• Work order: The answer must be the full listing, word for word, with no pictures in it.

• Input data:
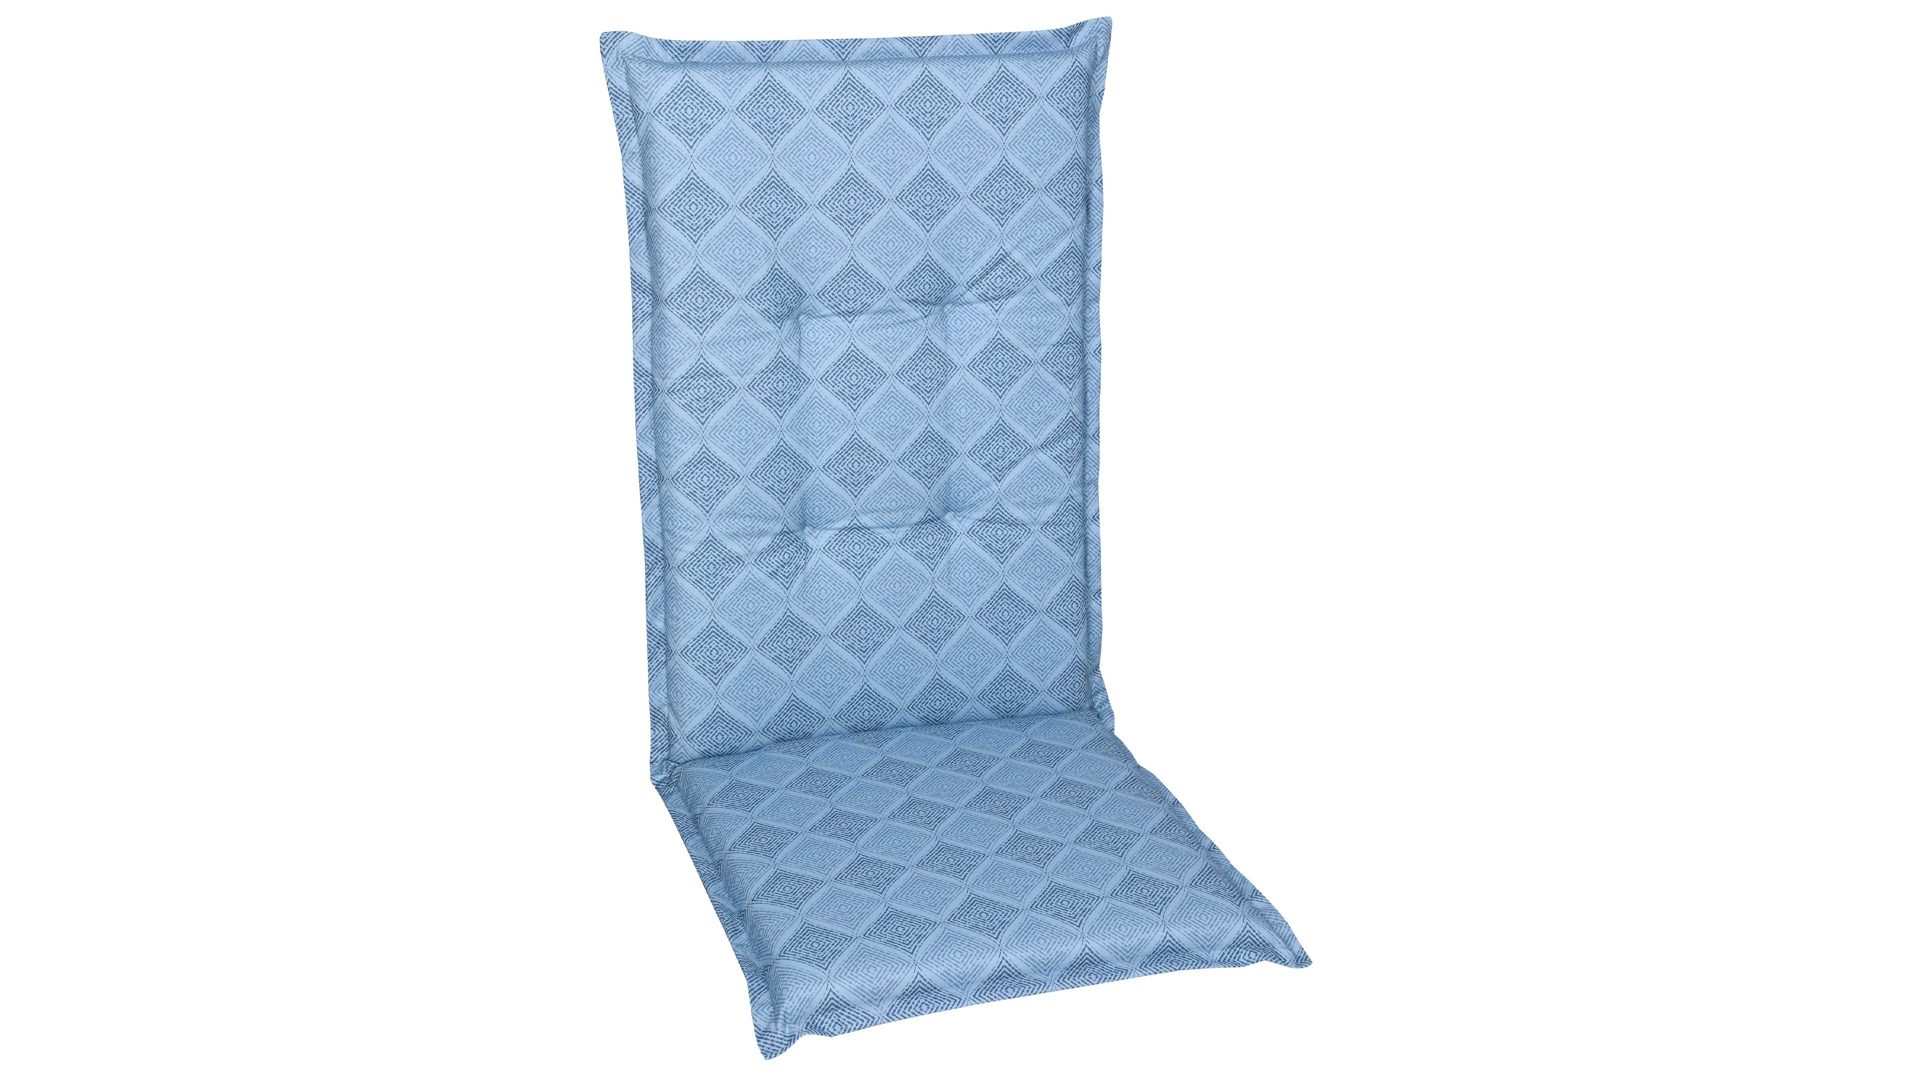 Polsterauflage Go-de textil aus Stoff in Hellblau GO-DE TEXTIL Auflagen Serie 19 - Sesselauflage hellblaue Rautenlinien - ca. 50 x 120 cm
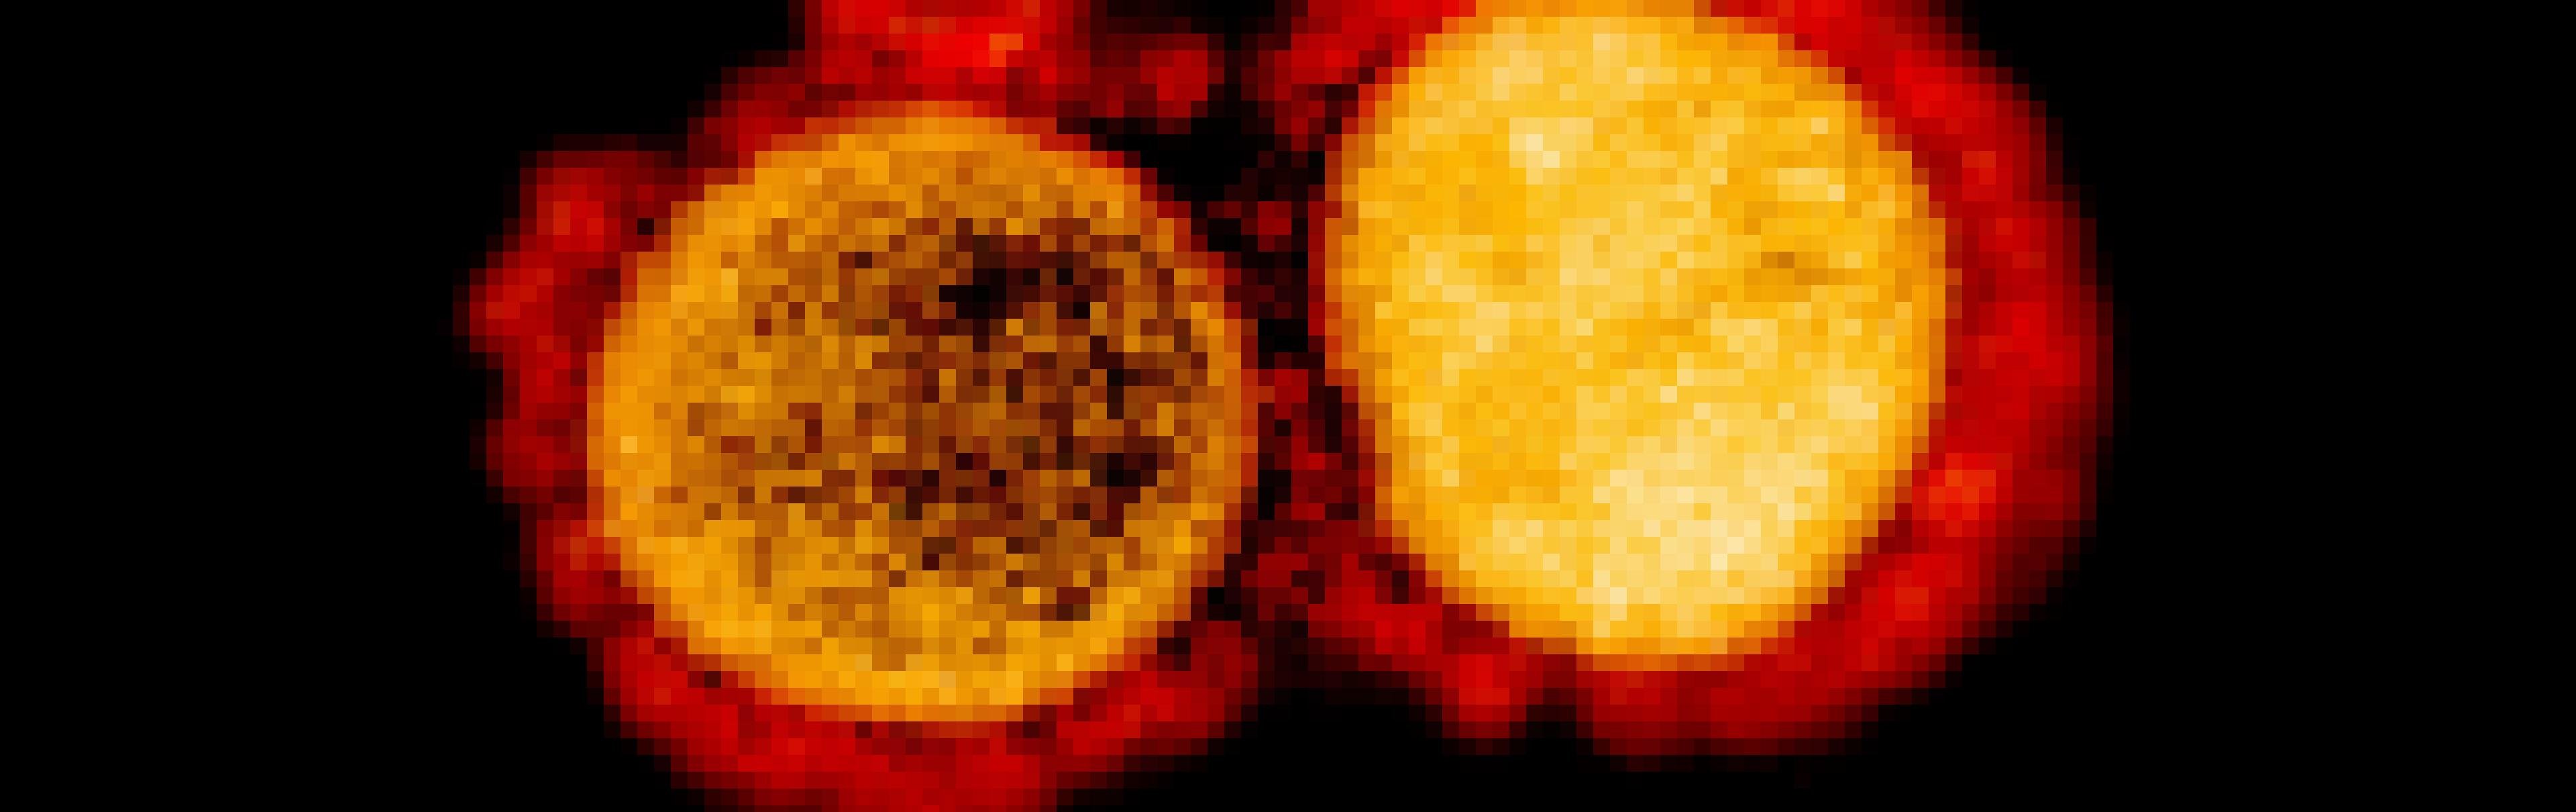 Das Bild zeigt zwei Coronaviren in einer extremen Vergrößerung. Sie sind rundlich und haben dornenartige Fortsätze, die ihnen beim Eindringen in menschliche Zellen helfen.
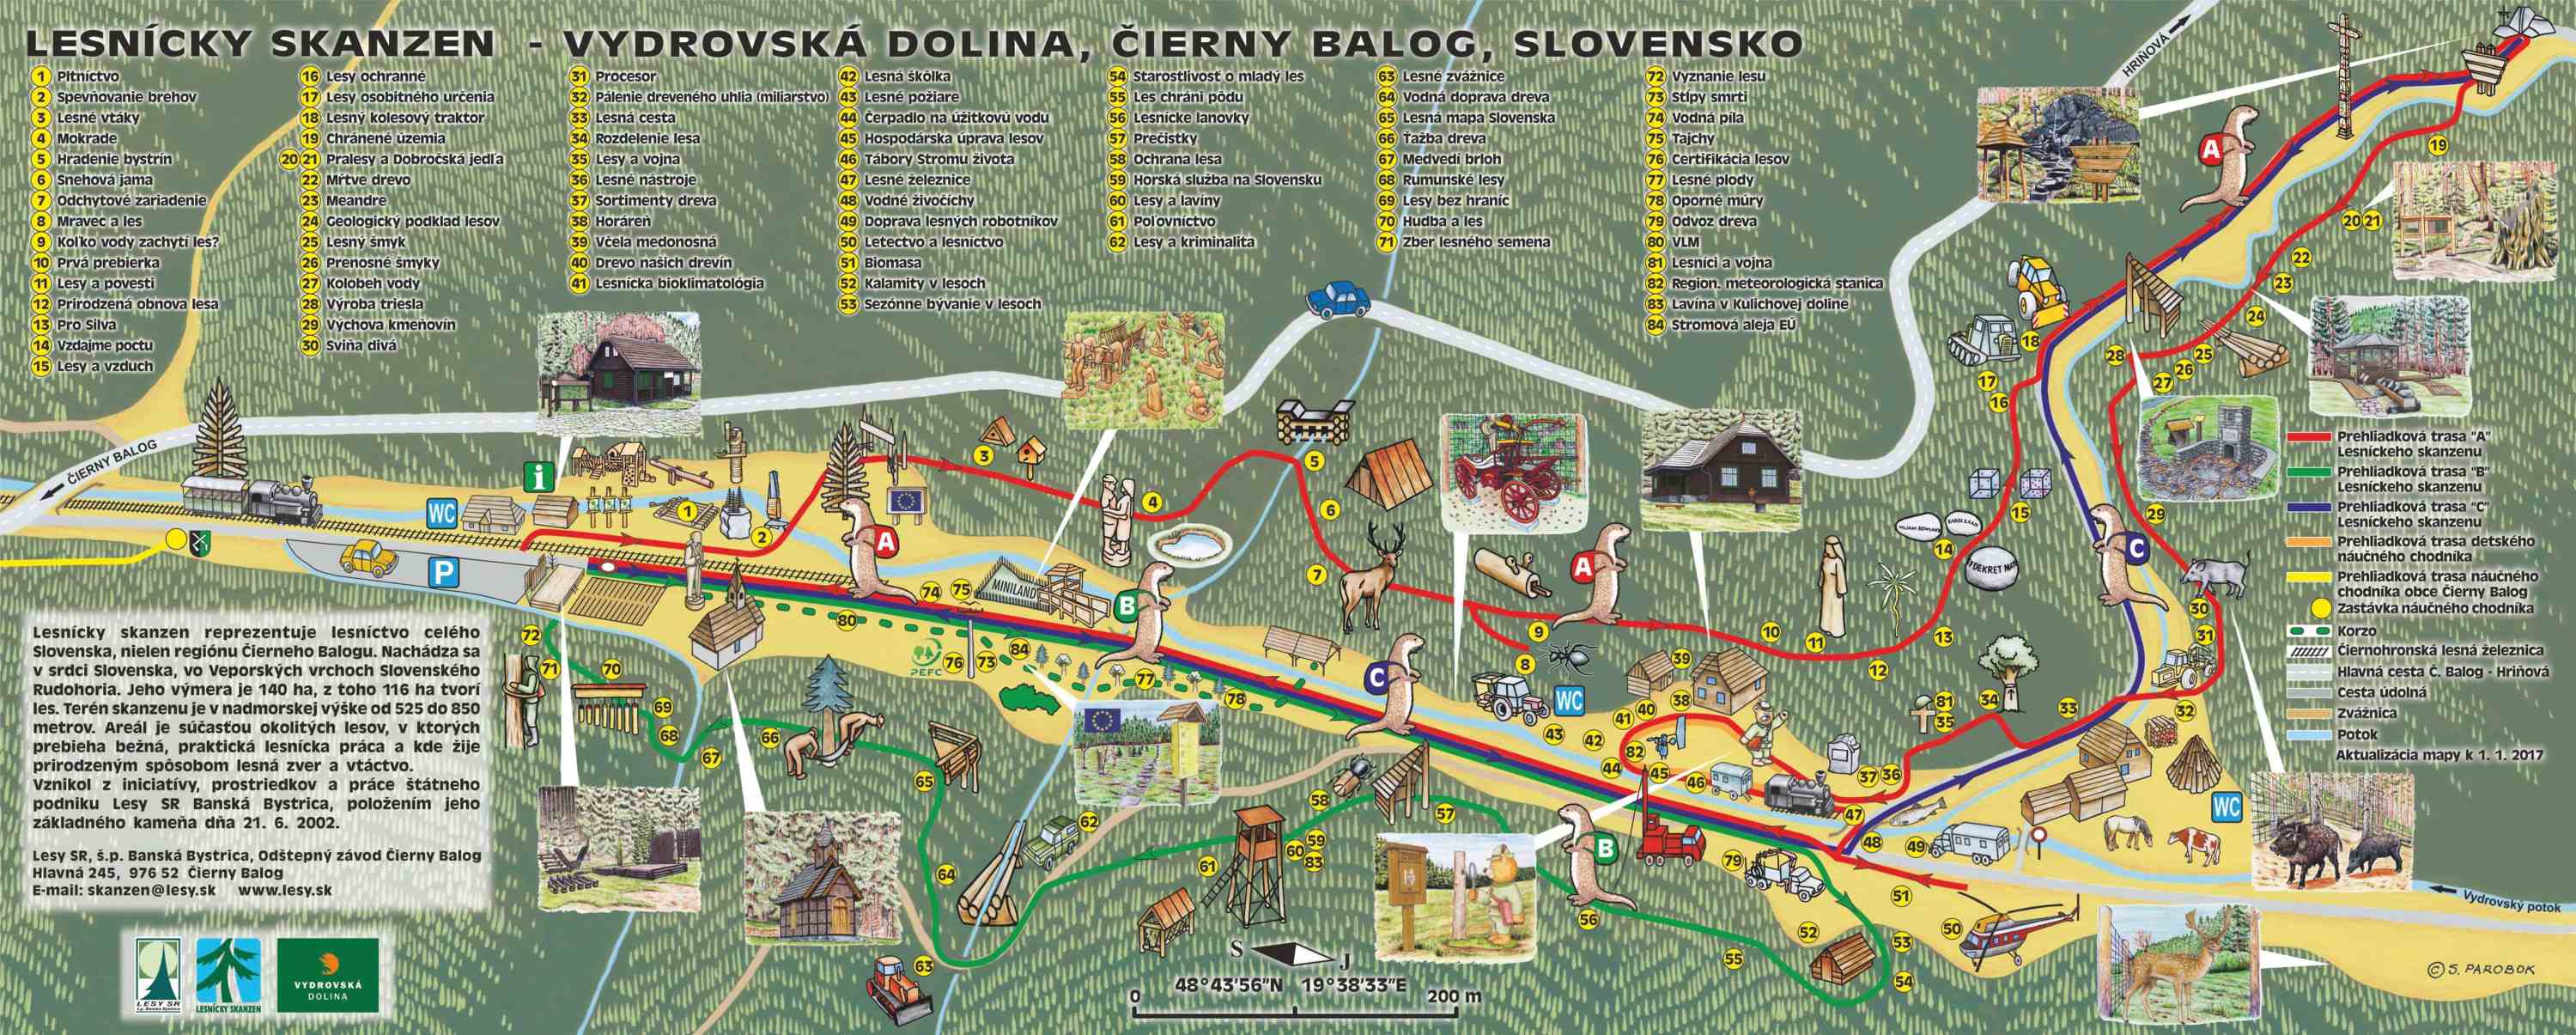 mapa-lesnicky-skanzen-1.jpg

• Exercise response:
 Polsterauflage Go-de textil aus Stoff in Hellblau GO-DE TEXTIL Auflagen Serie 19 - Sesselauflage hellblaue Rautenlinien - ca. 50 x 120 cm
 Das Bild zeigt zwei Coronaviren in einer extremen Vergrößerung. Sie sind rundlich und haben dornenartige Fortsätze, die ihnen beim Eindringen in menschliche Zellen helfen.
 mapa-lesnicky-skanzen-1.jpg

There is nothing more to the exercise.